Thanks a bunch for your reply


----------



## Rustngrease (Dec 8, 2019)

rollfaster said:


> Can we see a pic of the serial number please?



I'll get numbers soon, and more pics


----------



## Rustngrease (Jan 18, 2020)

Got a couple more pics


----------



## GTs58 (Jan 18, 2020)

So you grabbed it? Serial was stamped on Oct. 28, 1950.


----------



## GTs58 (Jan 18, 2020)

Tokeland? Was he always puffing on the peace pipe?  

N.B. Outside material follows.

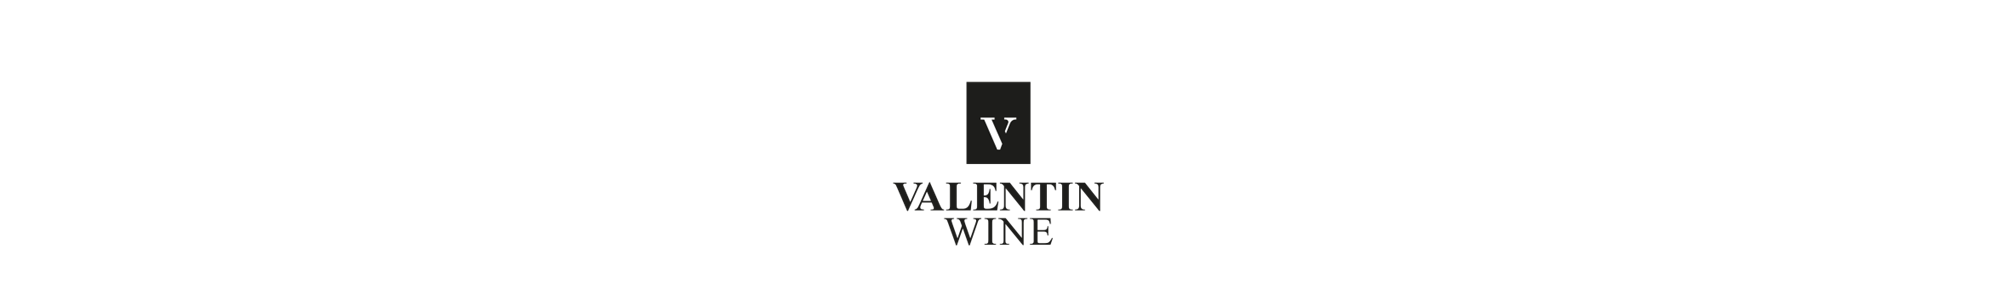 Logo Wine Kl

*The town was named after Chief Toke, an Indian chief of the 19th century.  *


----------



## rollfaster (Jan 18, 2020)

Great bike and glad you got it! Rack not original, prewar universal type. Will clean up nice nicely!!


----------



## Rustngrease (Jan 24, 2020)

GTs58 said:


> Tokeland? Was he always puffing on the peace pipe?
> 
> *The town was named after Chief Toke, an Indian chief of the 19th century.  *



Haha yes indeed


----------



## Rustngrease (Jan 24, 2020)

rollfaster said:


> Great bike and glad you got it! Rack not original, prewar universal type. Will clean up nice nicely!!



Still working out a trade, you know how these thing go


----------